The original trilogy's storyline is wobbly at best when you begin to dig into it (like Zeus directly helping Kratos in the first game, only to be evil in the sequel and I know it's because of Pandoras Box, still), but you're supposed to focus on Kratos and his reactions to the world as a whole. In the third game, Kratos meets Pandora, a construct made by Hephaestus in the image of a human girl, and suddenly all of the softness that existed in Kratos resurfaces when he reluctantly has to save her.
Kratos had lost his humanity during his quest for vengeance but the whole point of his story, aside from revenge, is him accepting and moving on from the fact that he killed his own family.
There's even a call back sequence in the third game where you have to wade through Kratos' trauma while Pandora calls for help, which echoes parts of the ending of the first game where Kratos has to hug the ghosts of his family and protect them from clones of himself.
You're even told by the third game that his wife and daughter are living in bliss in Elysium, that they miss him and that they forgive him for what Ares tricked him into doing.
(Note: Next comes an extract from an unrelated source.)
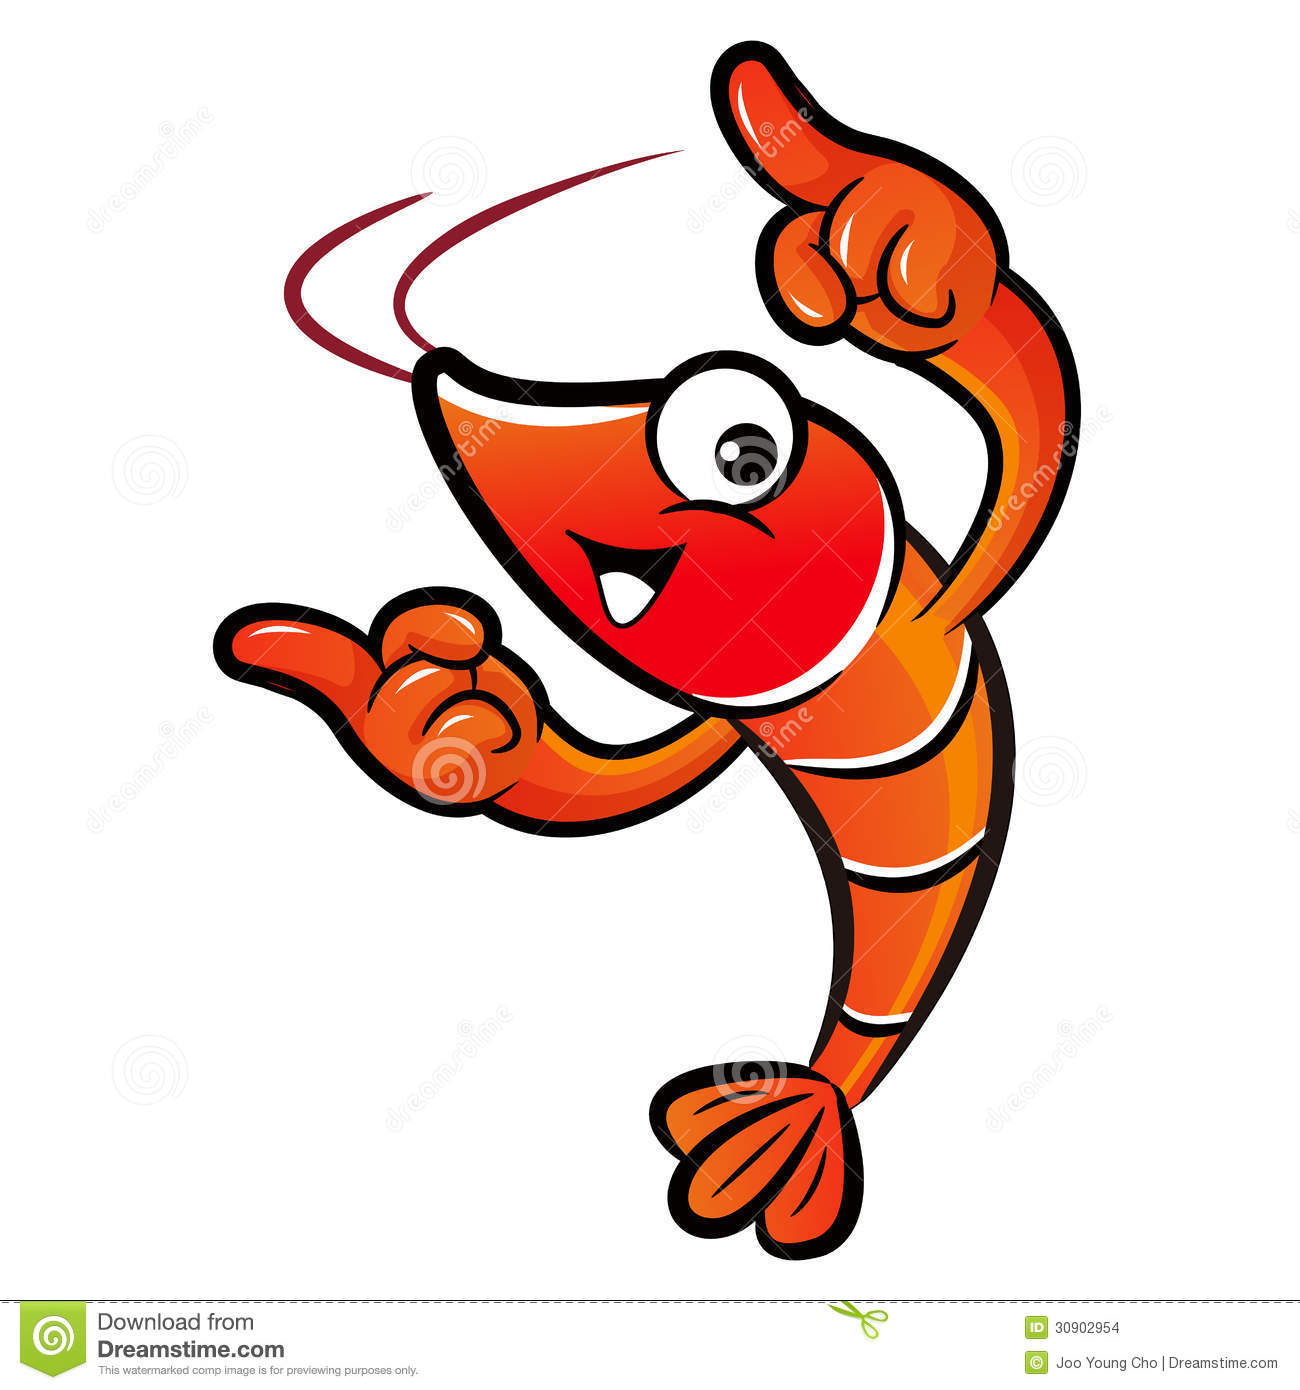 shrimp: Cute cartoon shrimp

Yes, by and large the original God of War games have themes of misogyny and extreme machismo, Kratos has sex with beautiful women in all three games and he even callously kills a woman to proceed in a section in the third game, but damnit it's a good trilogy. Flawed, but better than whatever DEI nonsense the Norse games have. And that's without me going into a tirade over how bullshit the portrayal of norse mythology in 2018 and Ragnarok are.